Tuesday, 8 February 2011

A Head Full of Readers Digest

Sunnybank State School had a large collection of Readers Digest magazines.  They seemed to me to be already old by the time I read them in the early 1970s.  I was one of the most advanced readers in my class, so I spent plenty of time immersed in their pages while other classmates were still struggling with basic reading tasks like distinguishing was from saw.

It was a strange world to inhabit and I still carry little bits of it around with me.  Many of the stories were childhood memoirs, written in the 1950s and 1960s about a time which seemed both harder and more innocent.  Children lived idyllic lives in small town America.  Their fathers went to work while their mothers stayed home and baked johnnycakes.  We never knew exactly what a johnnycake* was but this didn't prevent my friends from calling me "Cake" in the latter years of primary school.

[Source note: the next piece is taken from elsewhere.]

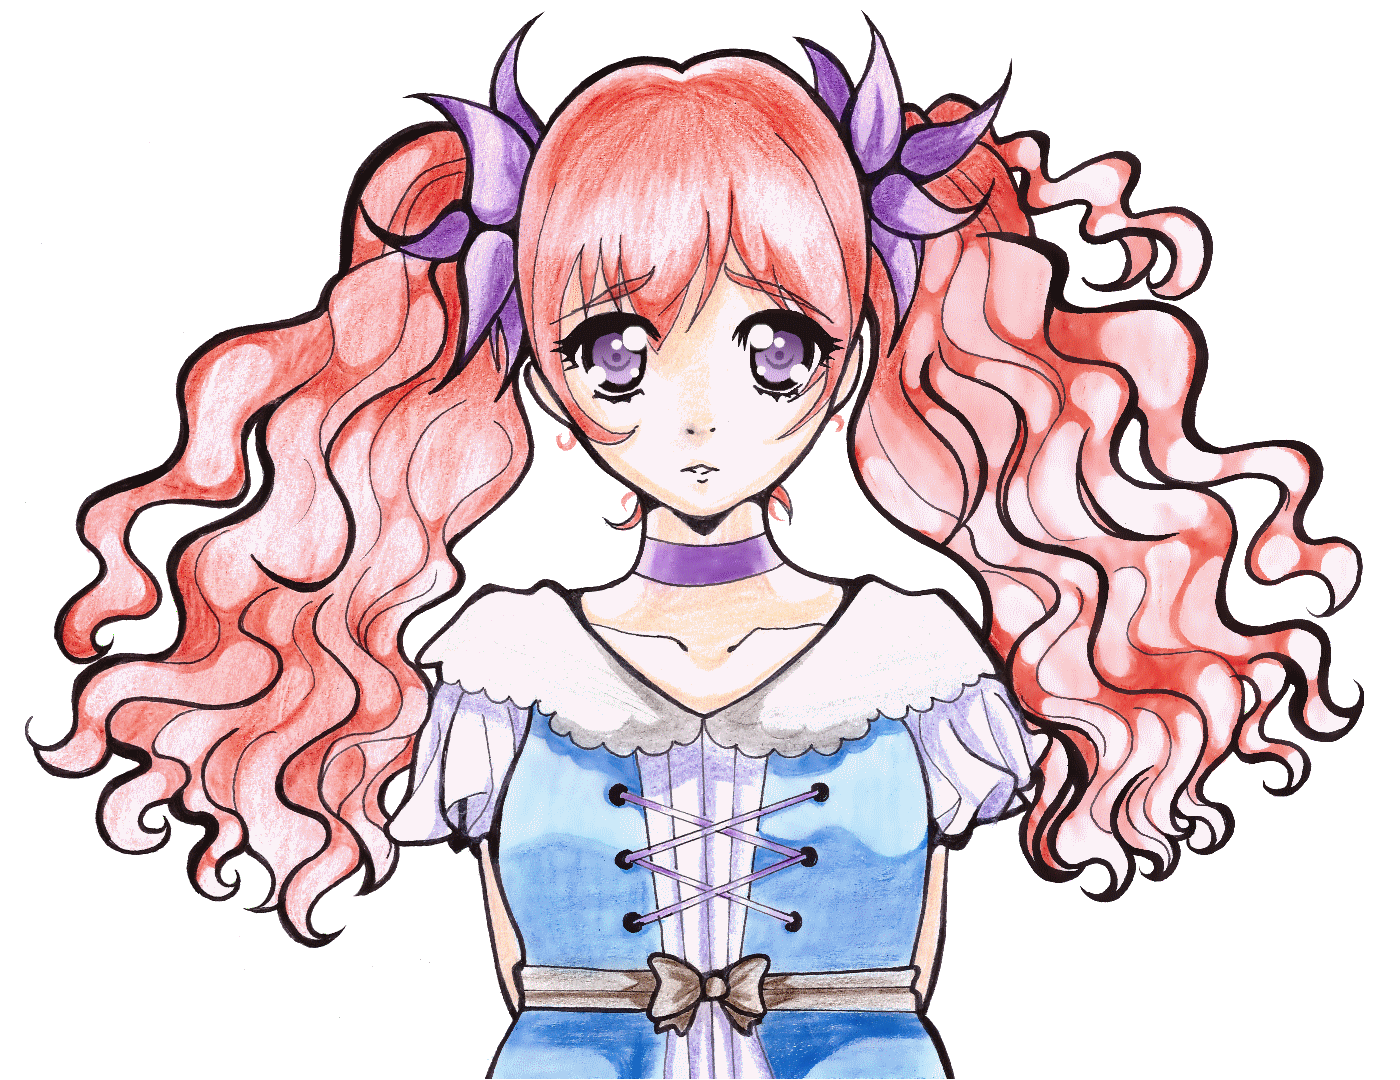 Princessemagic_Karakuri_Pierrot-1424440445.png
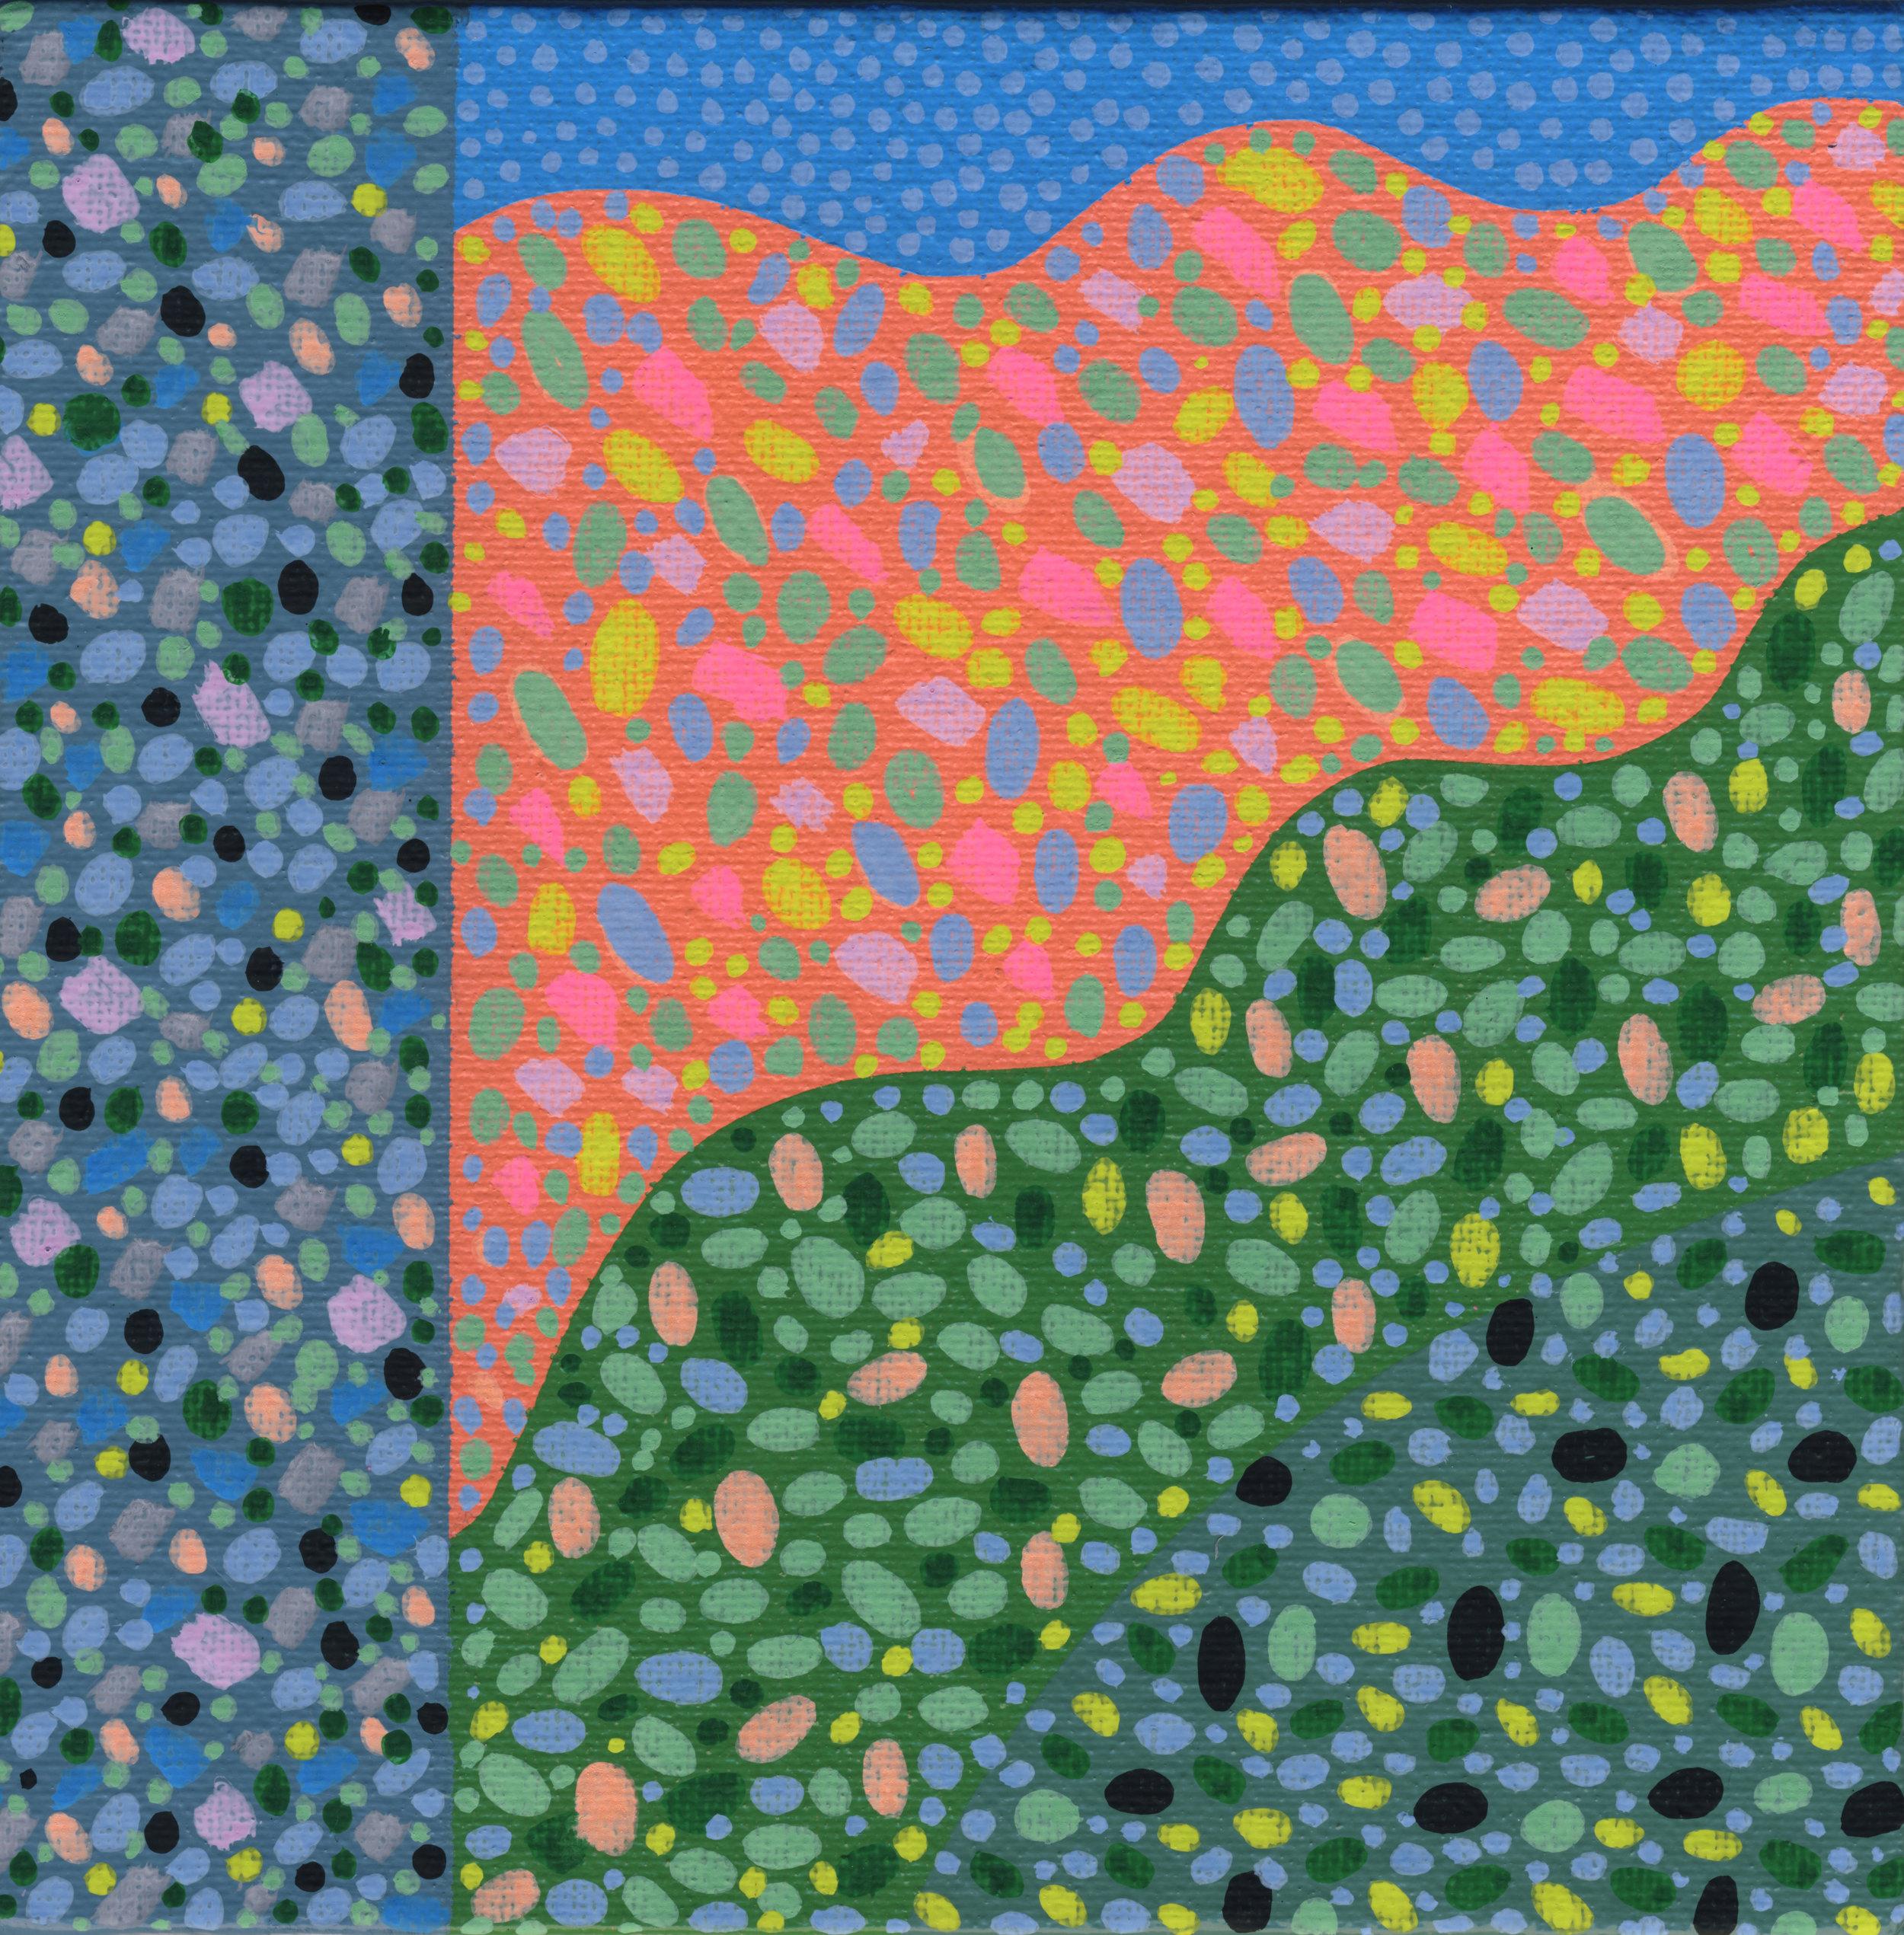 "37/100, Acrylic on canvas panel, 6"" X 6"", 2/12/19"

I suppose the stories were meant to strengthen our moral fibre, and God knows we needed it.  I'm a little hazy now about the morality, though.  Certainly hard work and frugality were praised as cardinal virtues, along with honesty and good manners.  There was a story about the recruitment process in which the formal interviews were supplemented by a set of secret tests - books left lying in the middle of the floor to see if the candidate would pick them up, women entering the waiting room at strategic times to see if the candidates would open the door for them or give up their seat.  You will not be surprised to learn that the successful applicant was the one who paid attention to these little details of etiquette and had remembered to wash his fingernails, rather than the one who had the skills for the job.  Merit based selection be hanged. 

The morality of other stories was a little less certain.  There was one in which the mother baked the most beautiful home-made bread, based on a recipe learned from her mother rather than one in a recipe book because of course she couldn't read.  Sadly, some do-gooder taught her her letters, she started reading the recipes on the flour packet, and from then on the bread went right downhill.  Were we supposed to conclude that there was no point paying attention in class?  That literacy is wasted on women?  Or just that you shouldn't believe anything you read on a flour packet? 

And what were we to make of the epic of the go-cart race, in which the poor, one-lunged hero of the street with his home-made cart challenged the rich kid with the beautifully engineered model supplied by his dad's workshop?  I seem to remember that the rich kid won and the poor kid died in the crash at the end.  The past may be romantic but you can't fight progress?  The rich will crush you at every opportunity they get?  Don't race go-carts at breakneck speed if you only have one lung?

My favourite, however, was the story about the gardening job.  A boy ventured into a neighbour's garden to retrieve his ball and was bailed up by the formidable elderly female owner (why are they always old women in these stories?) who hired him to do her garden.  He was to be paid by results - two shillings for a half-hearted job, three for an OK one, four for a perfect one, five for an impossible one. 

Of course he started out clumsily and was paid accordingly, before learning the job and improving until he plateaued at three and a half shillings.  No-one could be perfect, but one day he realised he was in a rut and decided to go for the full five shillings.  He trimmed back all the hedges in a perfect straight line, removed every last trace of weeds from the flowerbeds, meticulously rolled out all the bumps and hillocks in the lawn before mowing it to a bowling green evenness.  The sun had long set by the time he knocked on the door to claim his five shillings, to the delight and amazement of his hard-marking but ultimately benevolent mentor.  Obviously hard work pays off and you should never admit that anything is impossible.  But does perfection equal getting nature fully under control?  Did he have to pay part of the money back when the old woman realised a few days later that the plants hadn't stopped growing?  And what are we to make of the paradox of his acheiving something that is pre-defined as impossible?

Fortunately no-one restricted my reading and so I also read Lewis Carroll's Queen explaining that with practice you can believe three impossible things before breakfast.  Still, it's hardly likely that my ten-year-old self could have spent so much time reading this stuff without some of it being digested - especially given that I still remember it forty years later.  Perhaps it made me the fine upstanding citizen I am today.  Or perhaps, as we laughed about johynnycakes* and had our own go-cart races and shenanigans down at the creek after school, it just added more fuel to the fire of my growing cynicism.


*Thanks to the wonders of the internet I can now link you to a recipe for this culinary mystery.